Ailenizde kanser öyküsü varsa, genetik test yaptırıp yaptırmadığınızdan bağımsız olarak yaşınıza uygun düzenli kanser taraması yaptırmanızı öneririz.
Kalıtsal meme veya yumurtalık kanseri geliştirme riskinizi azaltma
BRCA mutasyonları olan kadınlar, kanser riskini azaltmaya yardımcı olmak için kanser başlangıcını önleyen veya geciktiren ilaçlar almayı düşünebilirler. Örnekler arasında, meme kanseri riskini azaltabilen tamoksifen ve raloksifen bulunur. Ancak bu ilaçların BRCA1 ve BRCA2 değişiklikleri olan kadınlarda meme kanseri riskini azaltıp azaltmadığı açık değildir.

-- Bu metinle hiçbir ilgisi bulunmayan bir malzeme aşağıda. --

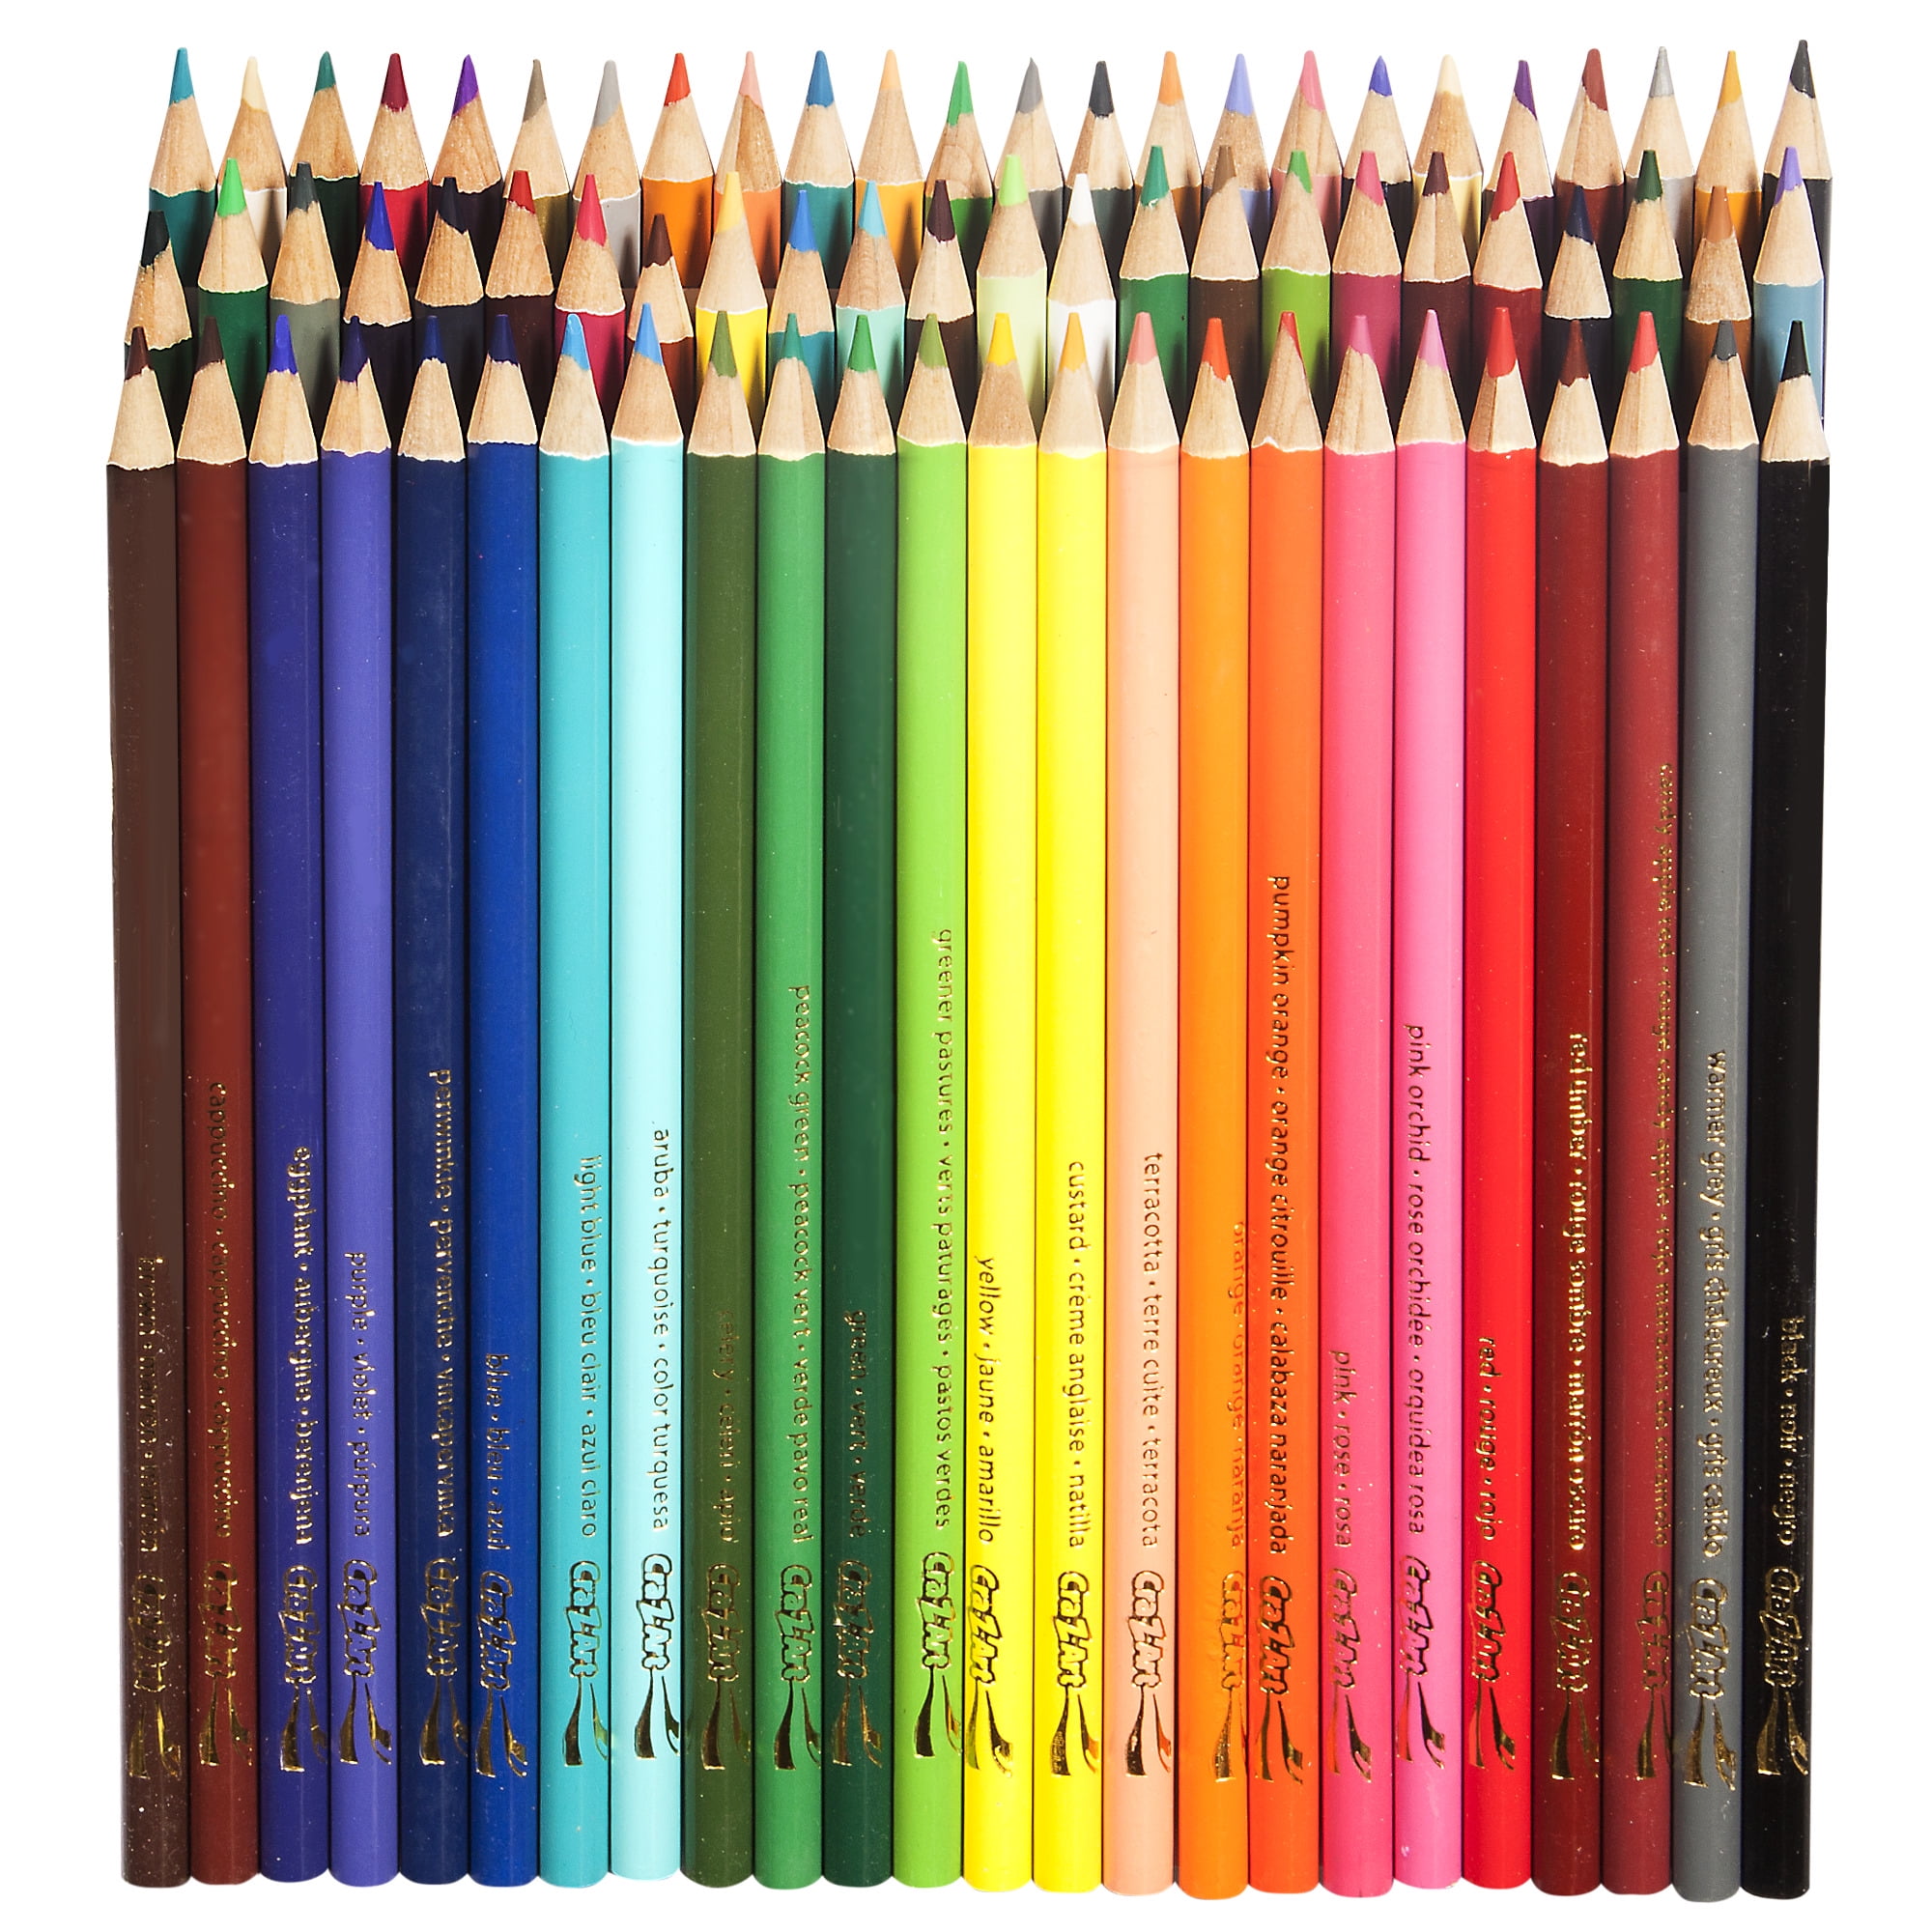 Cra-Z-Art 72 Colored Pencils Review

Yumurtalık kanseri riskini azaltmak için oral kontraseptifler (doğum kontrol hapları) alınabilir. Bununla birlikte, oral kontraseptiflerin BRCA mutasyon taşıyıcılarında meme kanseri riski üzerinde bir etkisinin olup olmadığı belirsizliğini korumaktadır.
BRCA mutasyonları olan kadınlar, kanser riskini azaltmak için ameliyat olmayı seçebilirler. Örneğin, meme kanserini önlemek için memeler ve yumurtalık kanserini önlemek için yumurtalıklar ve fallop tüpleri ameliyatla çıkarılabilir. Fallop tüplerini ve yumurtalıkları 50 yaşından önce çıkarmak da meme kanseri riskini azaltır.
Kanserleri erken tespit etmeye yardımcı olmak için başka ameliyatlar yapılabilir. Yumurtalıklar ne kadar erken alınırsa hem meme hem de yumurtalık kanseri riskinde o kadar fazla azalma olur. Nadir durumlarda, karın duvarını çevreleyen peritonun kanseri bu tür bir ameliyattan sonra gelişebilir. Periton kanseri riskini taramanın kanıtlanmış bir yolu yoktur, ancak ameliyattan sonra CA-125 kan testlerinin periton kanserini tespit edip edemeyeceğini görmek için bir çalışmalar yürütülmektedir.